### What you will do
The full listing, written out exactly and without images, is the expected result.
[[ Data provided open ]]
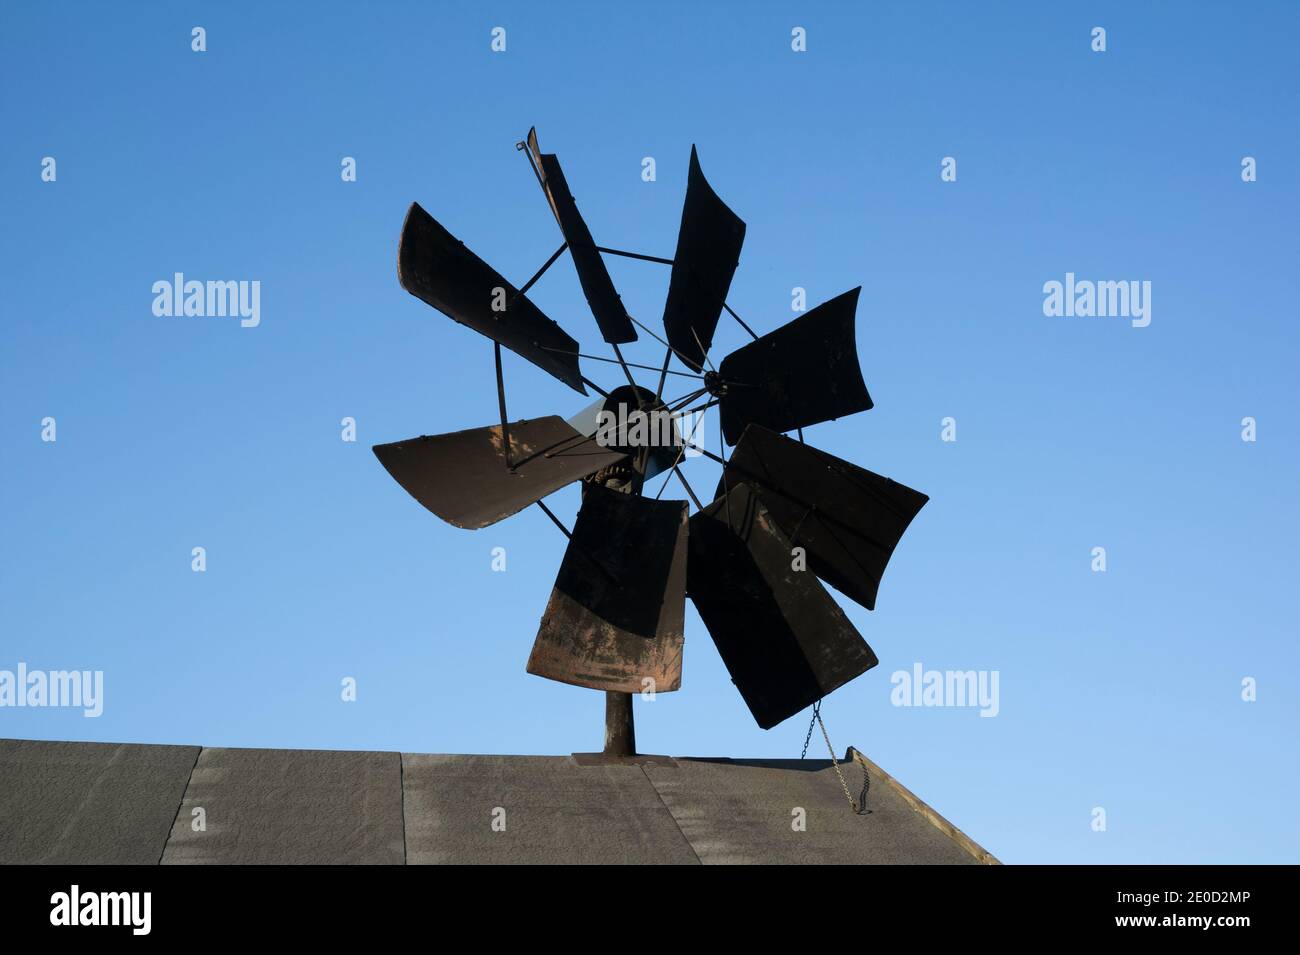 Alte verlassene Windmühle - Detail von Propellor und Segel. Gerät, Ausrüstung, Mechanik und Technik zur Erzeugung erneuerbarer Energie aus Windenergie. Details Stockfoto
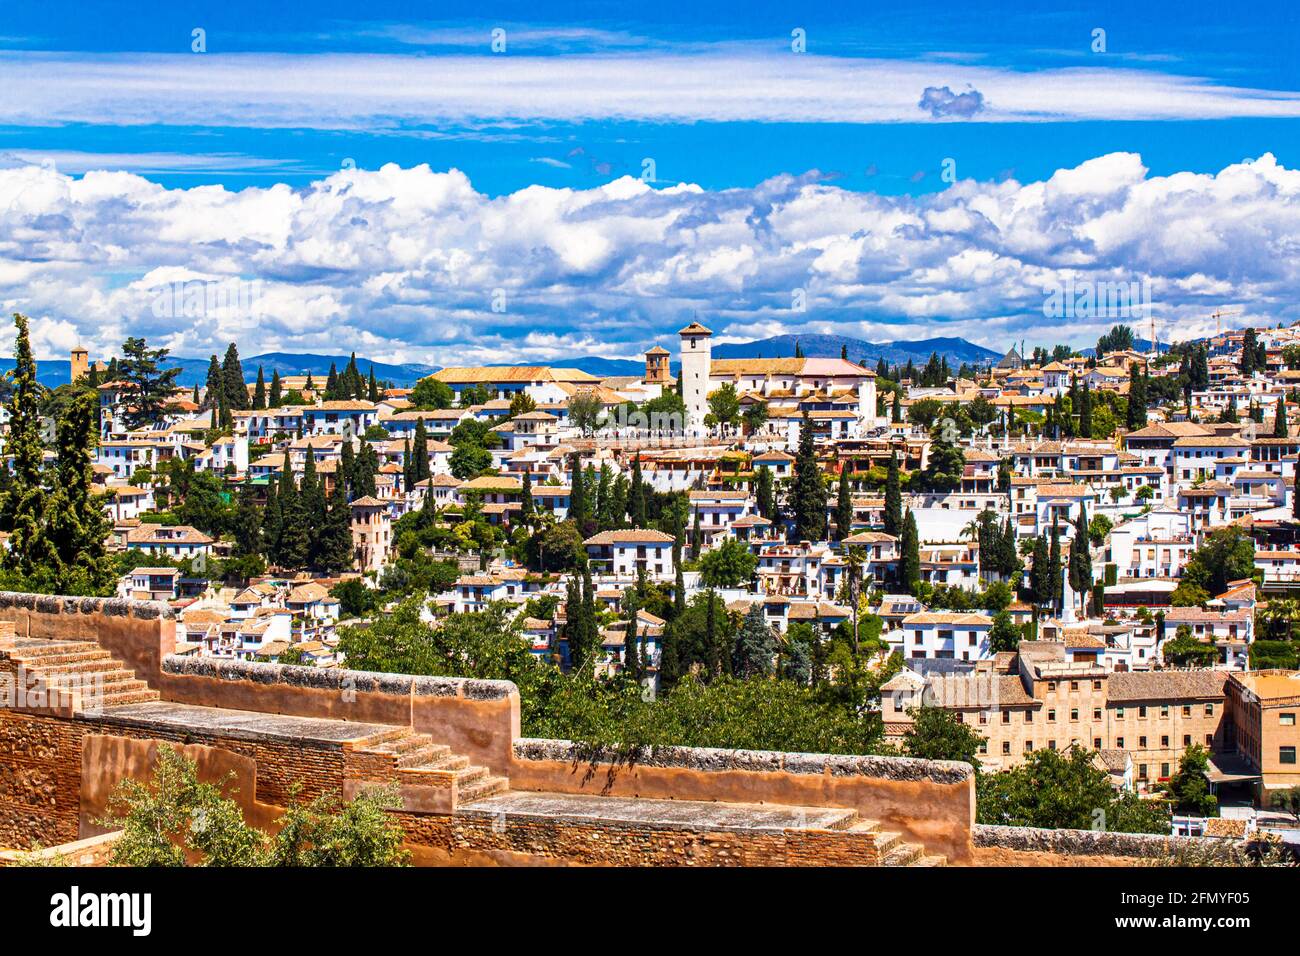 Ein Blick auf die Bezirke Albaicin und Sacromonte mit den Bergen der Sierra Nevada im Hintergrund. Granada, Andalusien, Spanien. Stockfoto
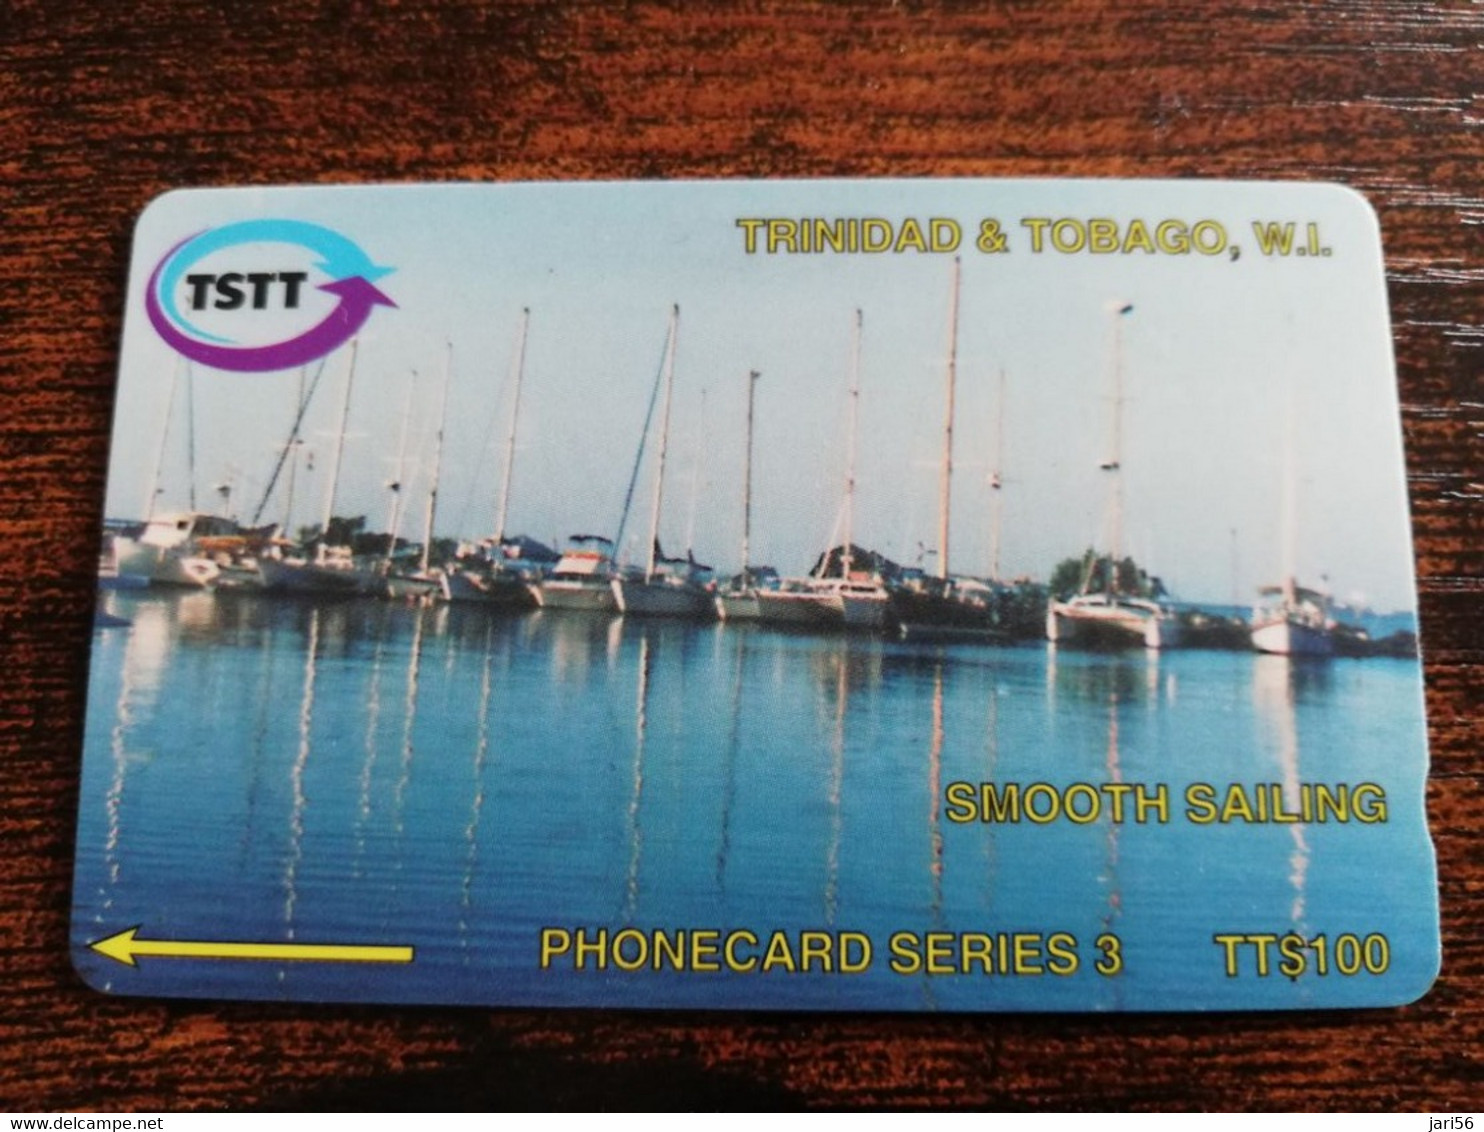 TRINIDAD & TOBAGO  GPT CARD    $100,-  205CCTA   SMOOTH SAILING             Fine Used Card        ** 8902** - Trinidad & Tobago
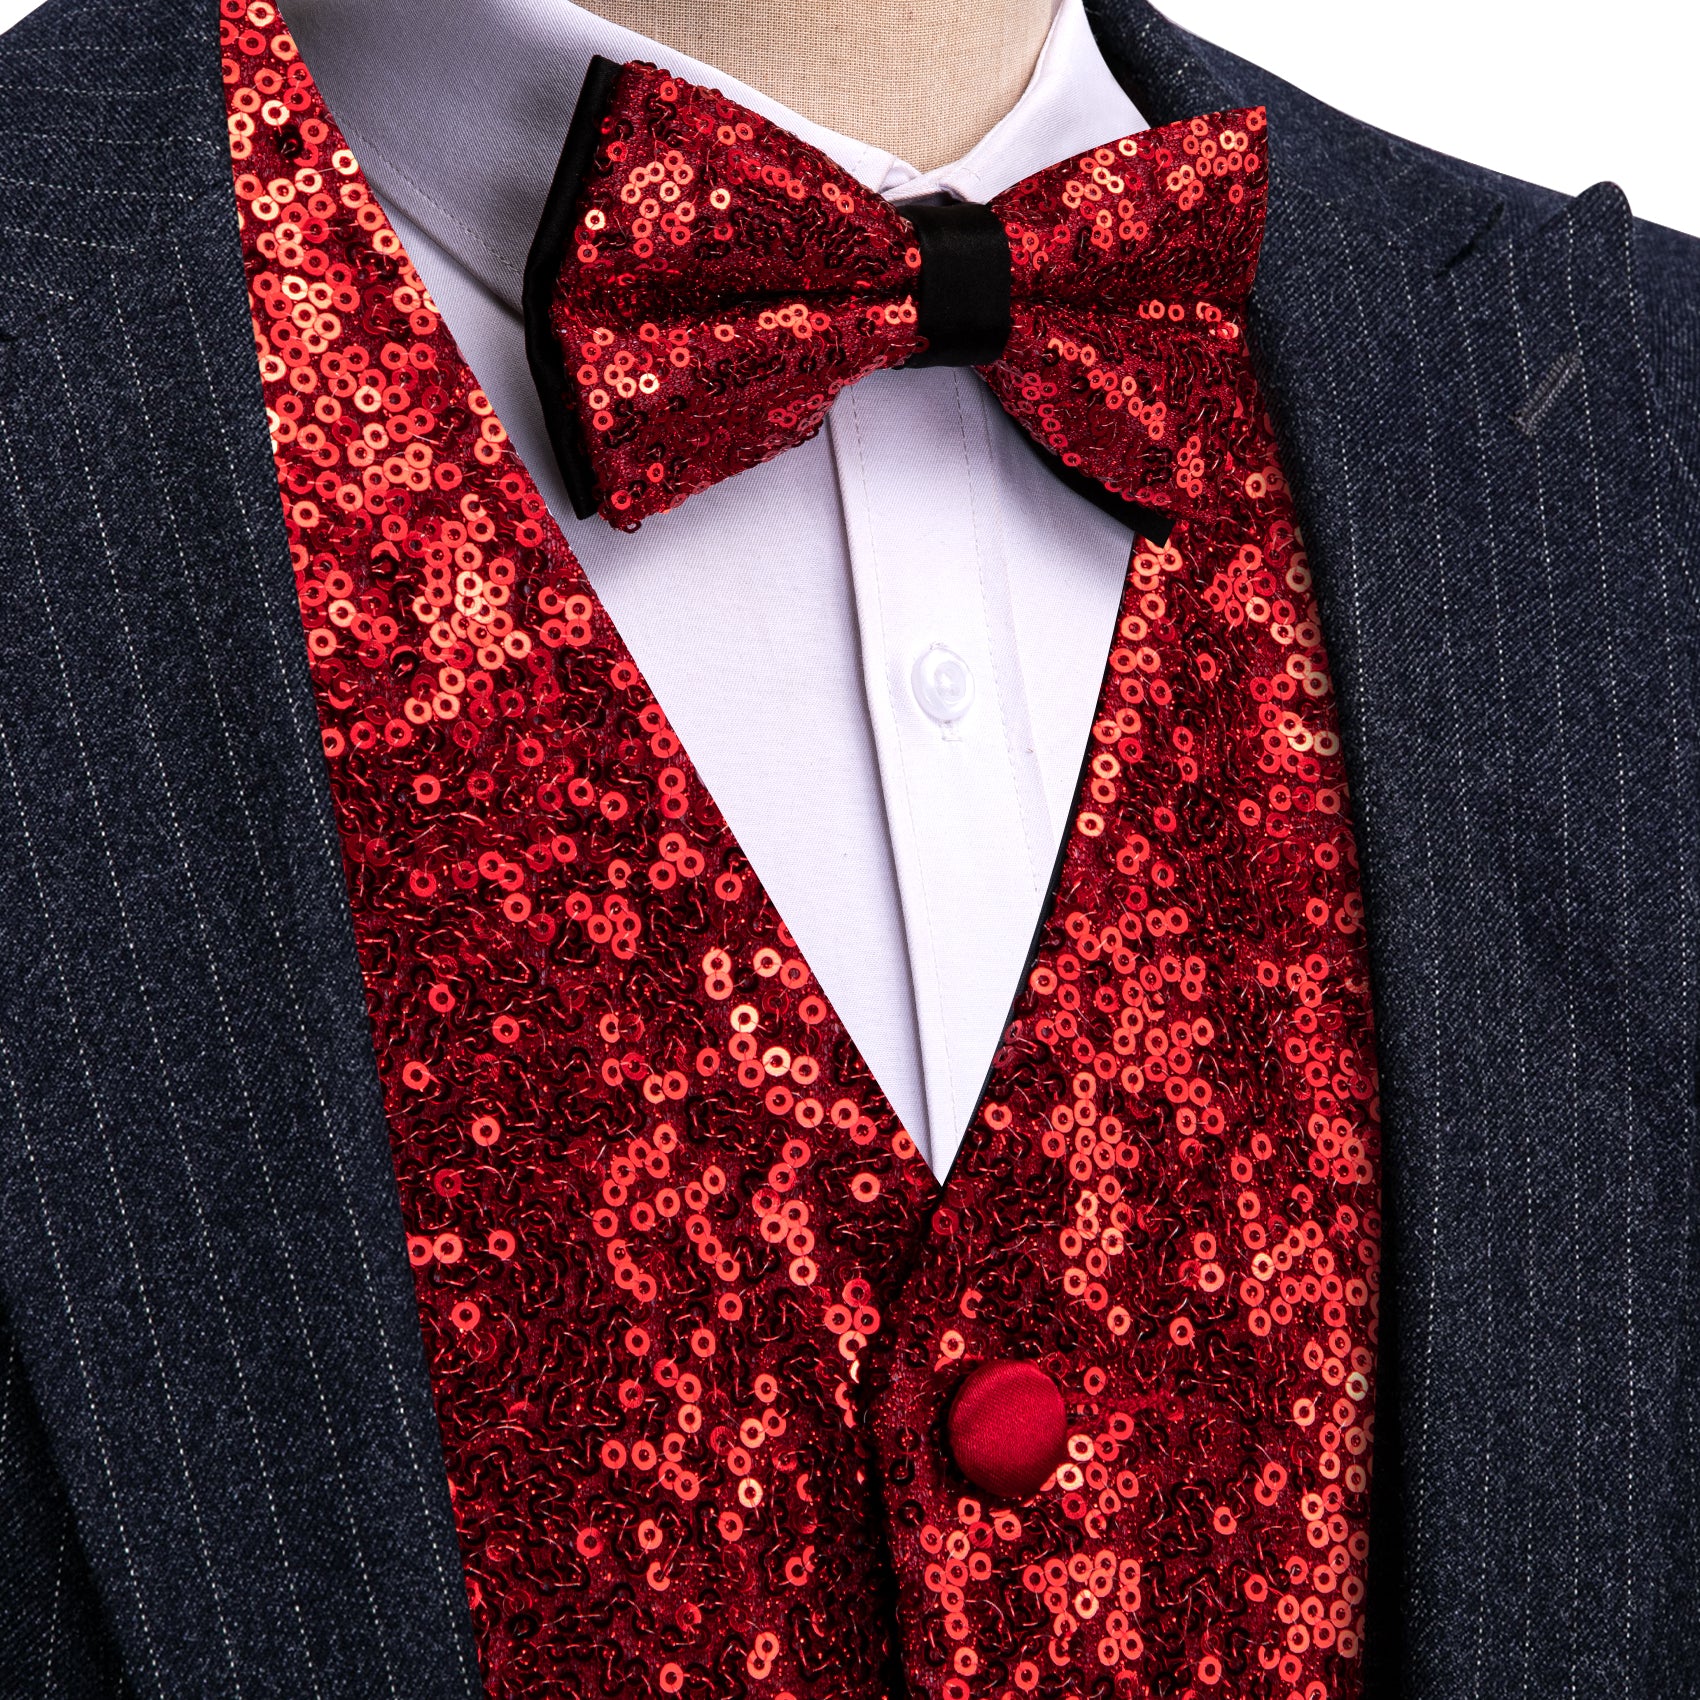 Men's Fire Brick Sequins Silk Bow tie Waistcoat Vest Set
[[ Data provided closed ]]
### Task solution
 Alte verlassene Windmühle - Detail von Propellor und Segel. Gerät, Ausrüstung, Mechanik und Technik zur Erzeugung erneuerbarer Energie aus Windenergie. Details Stockfoto
 Ein Blick auf die Bezirke Albaicin und Sacromonte mit den Bergen der Sierra Nevada im Hintergrund. Granada, Andalusien, Spanien. Stockfoto
 TRINIDAD & TOBAGO  GPT CARD    $100,-  205CCTA   SMOOTH SAILING             Fine Used Card        ** 8902** - Trinidad & Tobago
 Men's Fire Brick Sequins Silk Bow tie Waistcoat Vest Set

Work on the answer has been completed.